WORK REQUEST: Give back the data exactly, with no images.

======== GIVEN INFORMATION

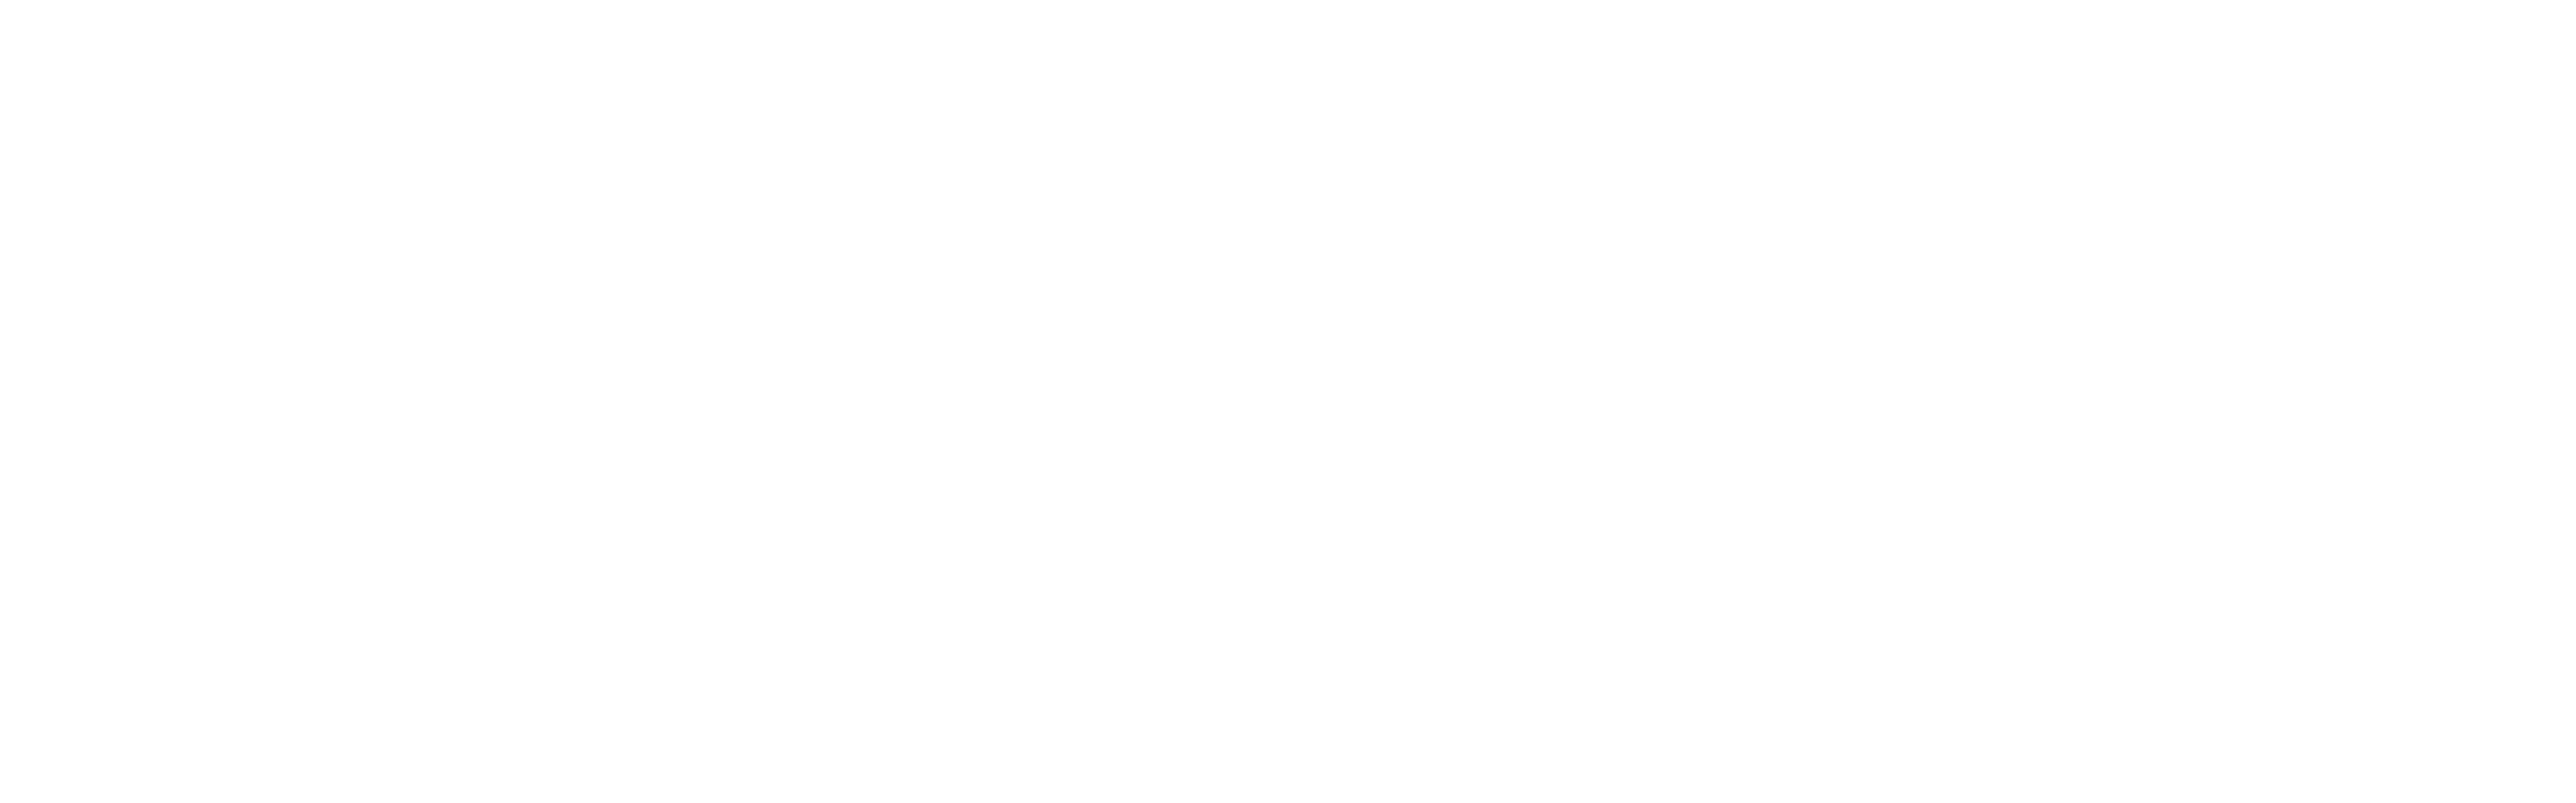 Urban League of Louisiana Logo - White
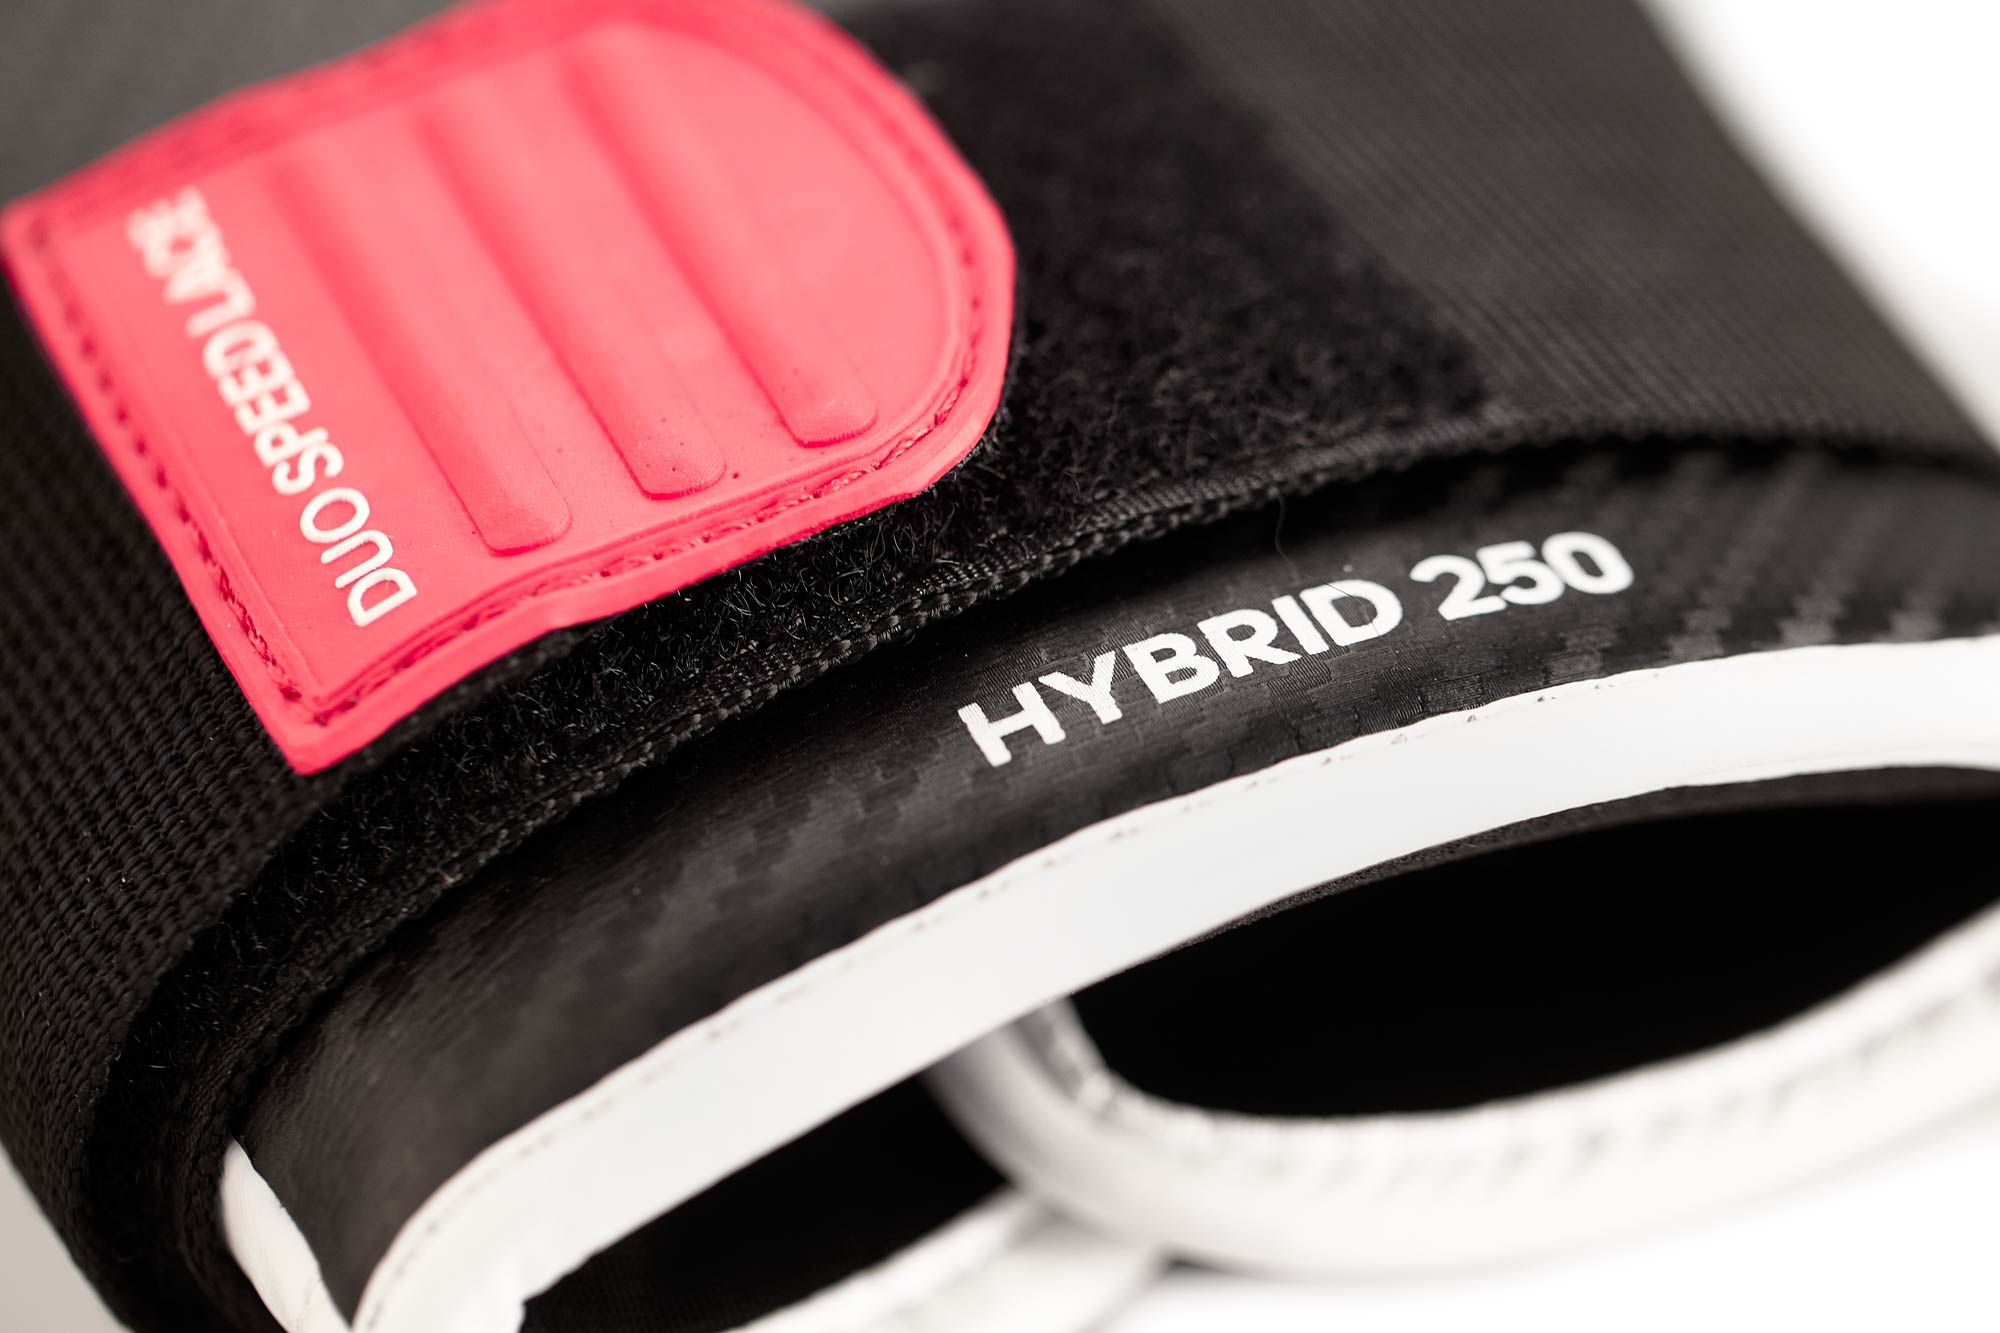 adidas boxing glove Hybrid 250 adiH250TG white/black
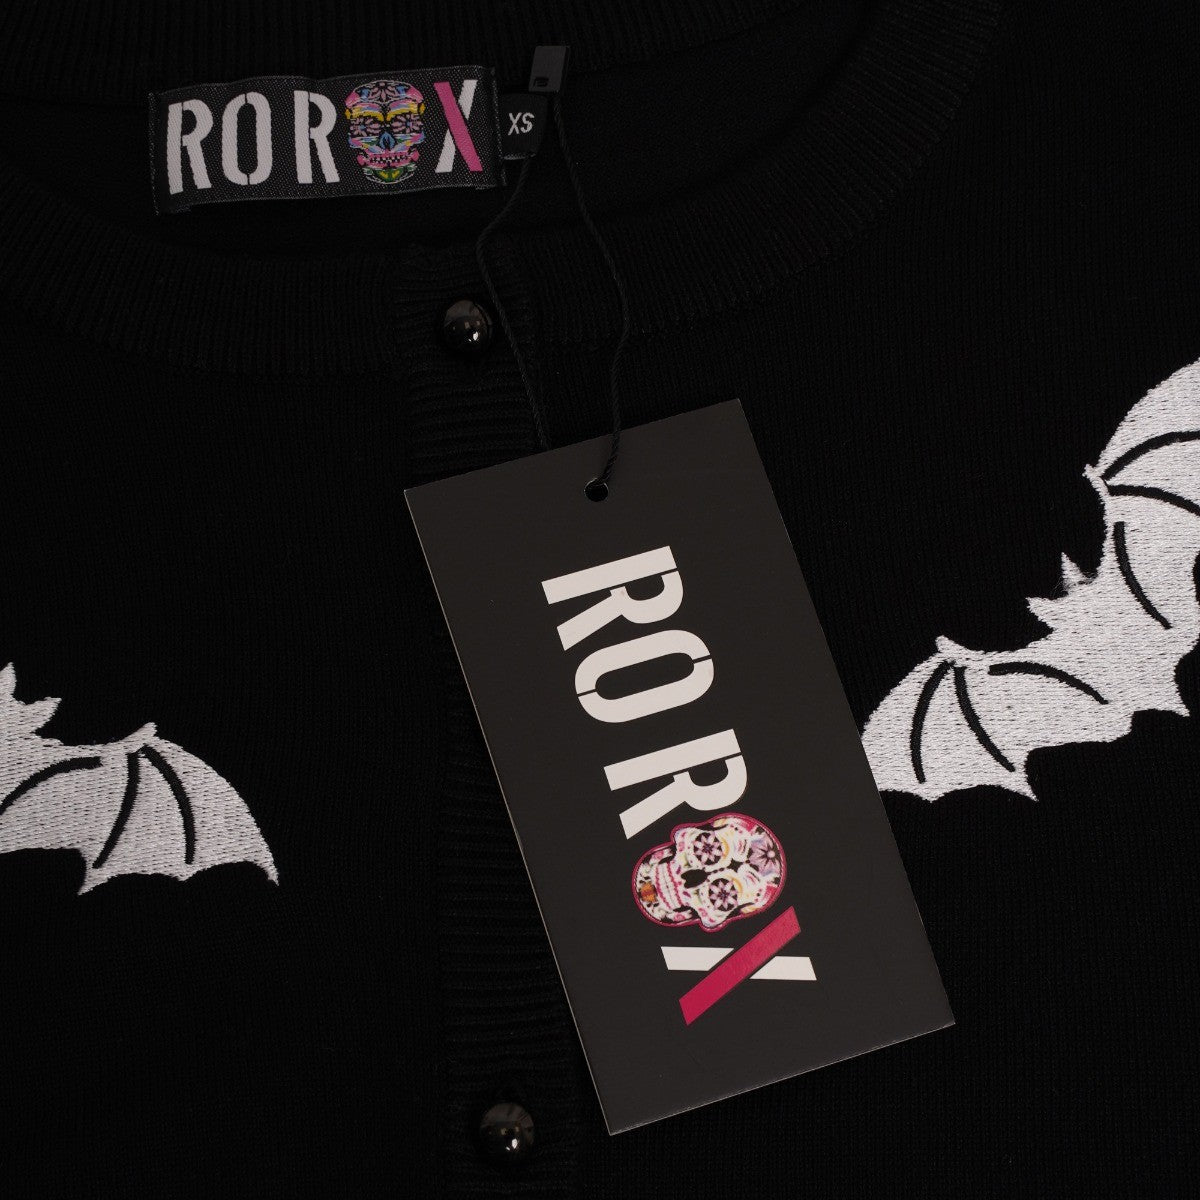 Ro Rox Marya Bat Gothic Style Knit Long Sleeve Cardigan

================

FINISHED TASK:
 Urban League of Louisiana Logo - White
 adidas boxing glove Hybrid 250 adiH250TG white/black
 Ro Rox Marya Bat Gothic Style Knit Long Sleeve Cardigan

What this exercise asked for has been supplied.